だって、、、そのあとのわたしって、、、、
完全に壊れてたから。。。
そう、もう、どうでもよくなった、って言うか。。。
自暴自棄?投げやり?
そうね。何も考えずに、ただ、毎日を過ごす。
自分が無くなってた、かな。
だから、「現在」も、「未来」も、全く考えなかった。
そう、「過去」を考えないためにも、ね。
え?
大体わかるでしょ?
自暴自棄になった女子高生が、15歳が、そのあと、どんな青春を送ったか、なんて。。。
そう、正解。
性春時代ね。
過去を思い出さないように、考えないようにしてたから、、、
菅野先生に対しても、3人の先輩のことも、真奈美ちゃんのことも、
何も考えないようにしてたから、
普通、って言うか。何もなかった、のよ。何も。
だから、普通に接してた。
かえって、先生の方がびっくりしてたんじゃないかなあ。
だって、、、普通、考えたら、クビ、でしょ?
教え子に手を出した、しかも、レイプ。
おまけに、ほかの教え子とも付き合っていて。。。
最低、だよね。
先生が?
ううん、自分が。
だって、何も考えない、って決めたことで、
わたしの高校時代は。。。
そうね。
でも、やり直したい、とは思わない。
あれはあれで、
今となったらいい経験だった。
そう、いい思い出には決してならないけれど、
いい経験をしたわ。
チーちゃん?
うん。じつは、夏休みのうちに、黙って転校しちゃったんだ。
家も引っ越して、ね。
学校には、家庭の都合で、って伝えたらしいけど。
で、そのまま音信不通。
チーちゃんとの消息が分かったのは、ずっと後になってから。
そのことは、またいずれ話すわ。
で、高校3年の夏。
県大会の準々決勝で負けて、
今度は本当に、わたしの夏が終わったと思った。
そう、2年前のあの時と同じような状況の時。
3年生の挨拶があって、
マネージャー一人ずつ、って言っても、その時にはチーちゃん、いなかったから、
わたしと真奈美ちゃんが、挨拶して。
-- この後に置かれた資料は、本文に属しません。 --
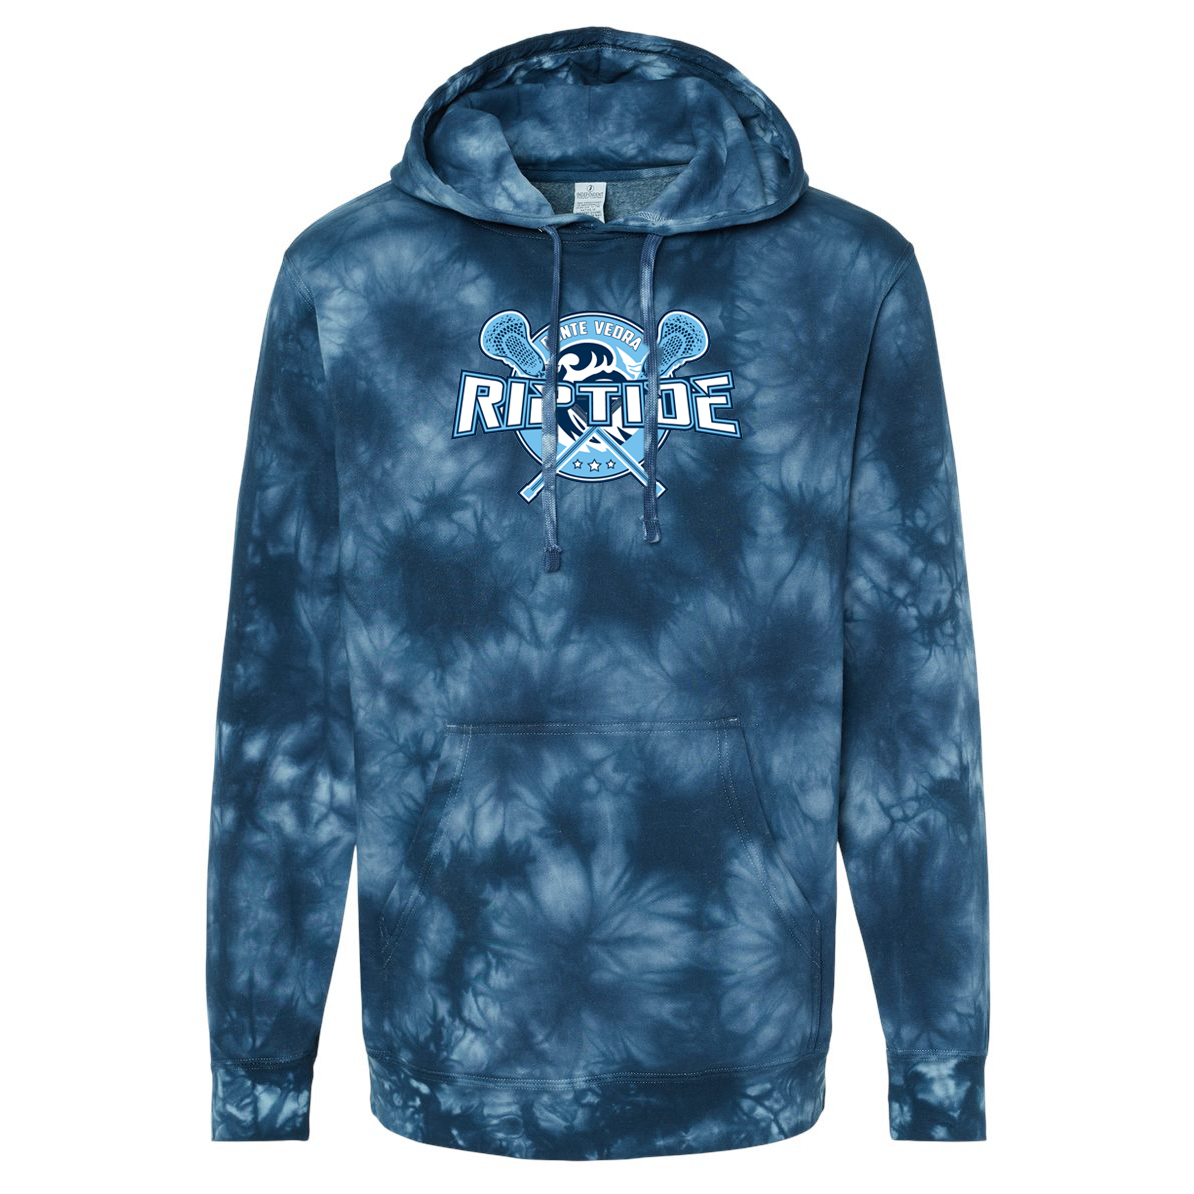 Ponte Vedra Riptide Lacrosse Independent Trading Co. Pigment-Dyed Hooded Sweatshirt

。。
うん。そう。
で、あの時みたいに、夕方の部室。
真奈美ちゃんと二人きりになって。。。。
そしたら、、真奈美ちゃんが、突然泣き出して。。。
(どうしたの?終わった、のが、そんなに悲しいの?)
わたしが戸惑っていると、急にわたしに抱き着いてきて。。。
「メイちゃん。ごめんね。ごめんね。」って。
真奈美ちゃん、あの日のことを謝ってきたの。
あの日、わたしたちがあんな目にあったのは、自分のせいだ、って。
真奈美ちゃんのせい?
ううん。違う。
真奈美ちゃんは、わたしたちに何もしていないわ。
わたしたちに何かをしたのは、あの3人の男たち。
無理やりに、唇で、舌先で、手で、
そして、最後には、あの忌まわしい肉棒で、
わたしたちの体をまさぐり、
次から次へと襲い、犯し、
突き抜けるかと思うほどに激しく抜き差しして、
わたしたちの心と体を、
ボロボロになるまで犯していった。
わたしが真奈美ちゃんを押し戻そうとすると、真奈美ちゃんは、泣きじゃくりながらわたしにしがみついてきた。
そして、自分の過去を語り始めた。
そう、彼女自身の、初めてのときのことを。